**PROVIDED MATERIAL**
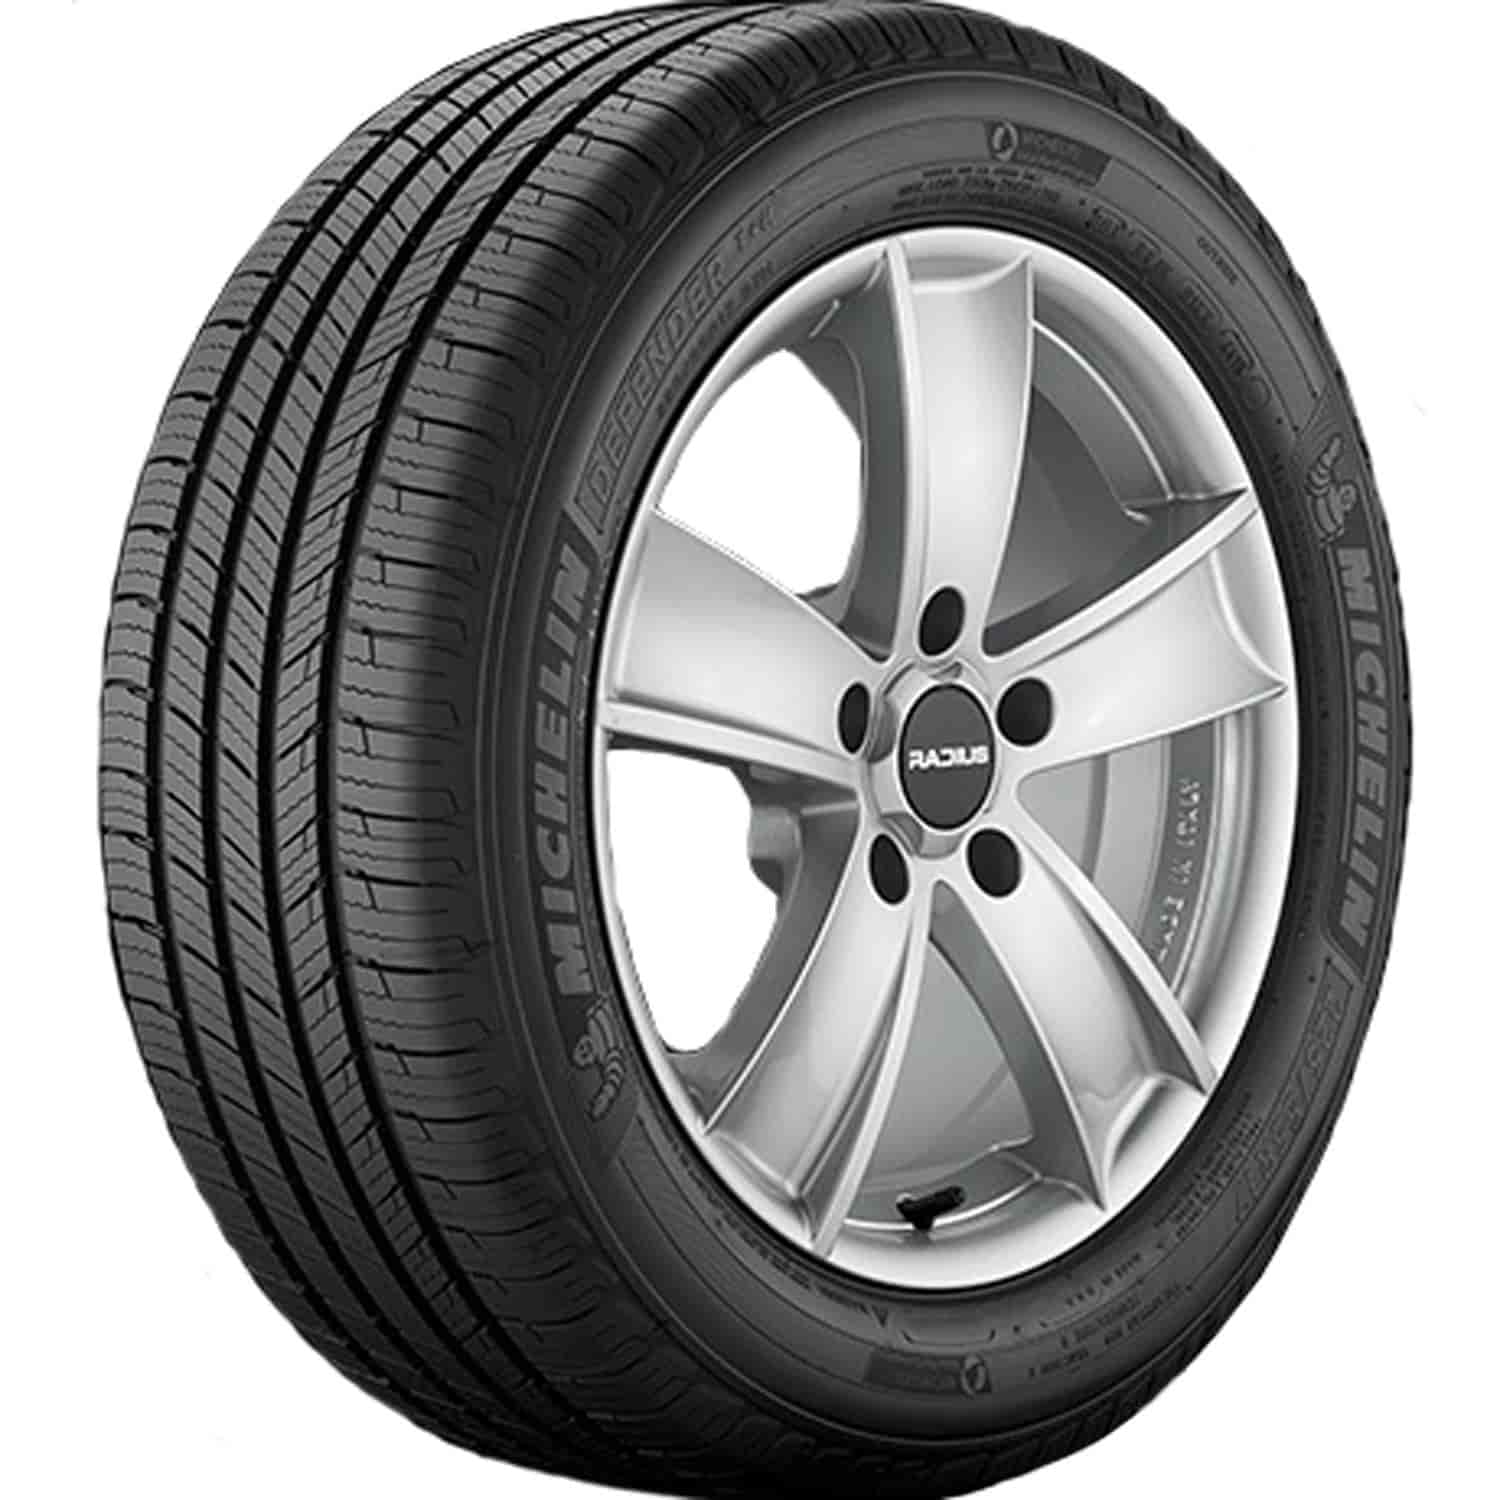 Defender T+H Tire Size:205/65R15
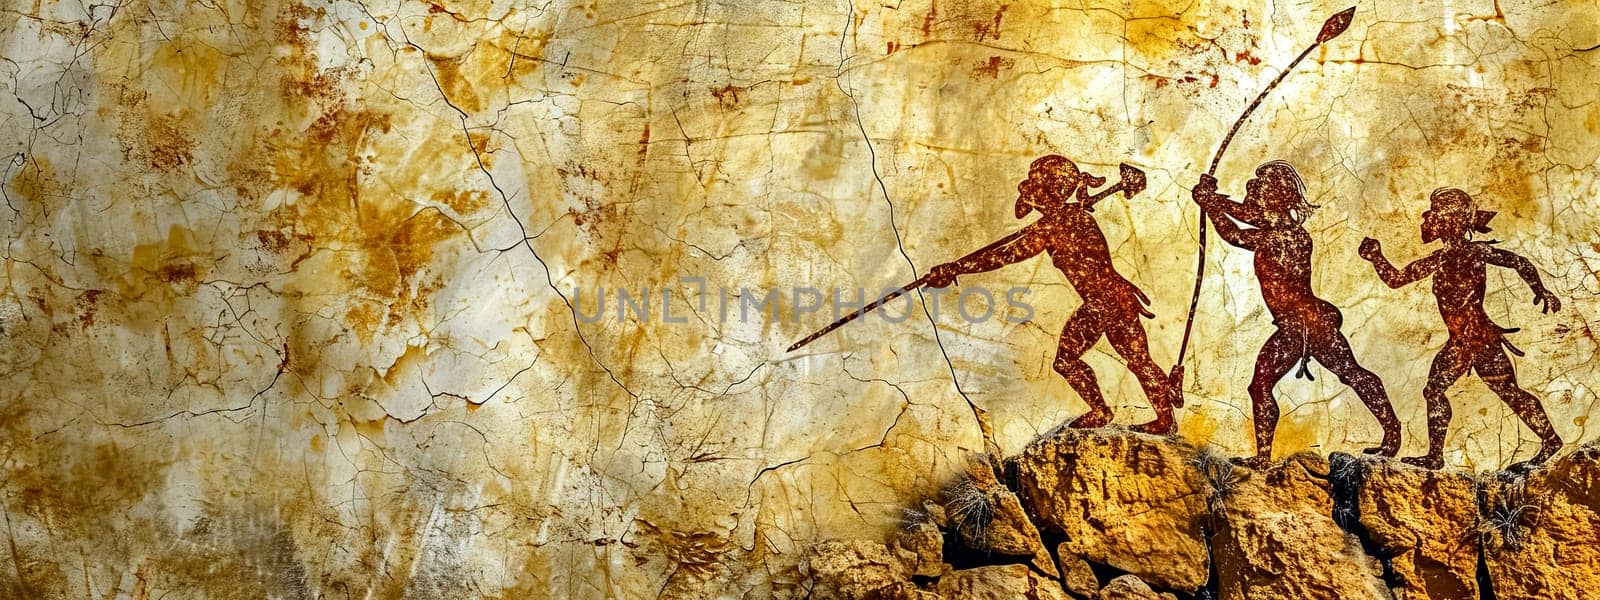 Artistic representation of ancient hunters on a rustic cave wall, copy space
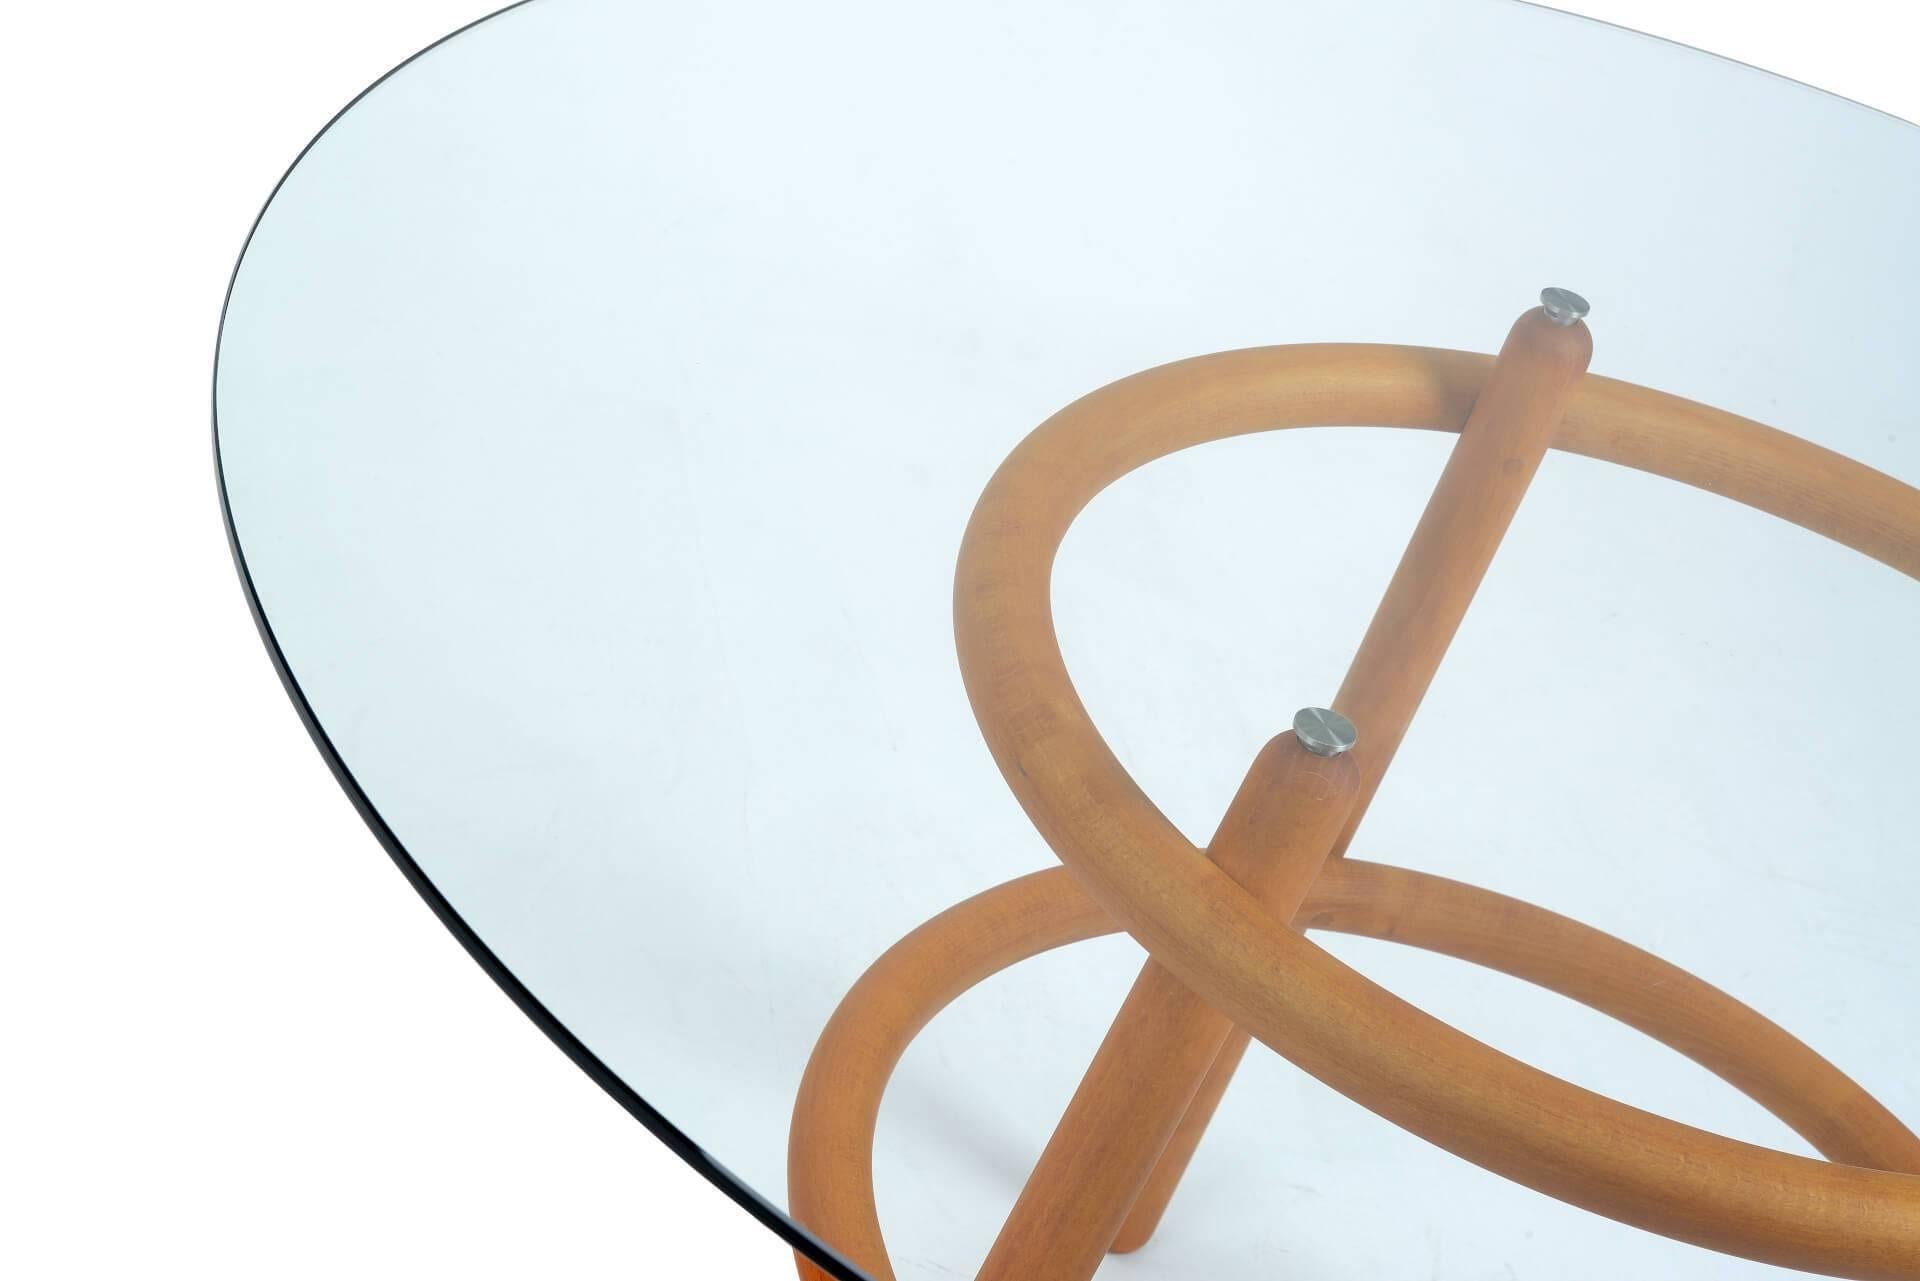 Support structure in solid beech with round section elements. The base is made up of three legs intersected by two hoops of the same diameter. The round, flush top is in extra clear transparent glass.

**AIM OF THE TASK**
Provide a precise transcription of the listing, excluding each picture.

**OUTPUT**
 Defender T+H Tire Size:205/65R15
 Artistic representation of ancient hunters on a rustic cave wall, copy space
 Support structure in solid beech with round section elements. The base is made up of three legs intersected by two hoops of the same diameter. The round, flush top is in extra clear transparent glass.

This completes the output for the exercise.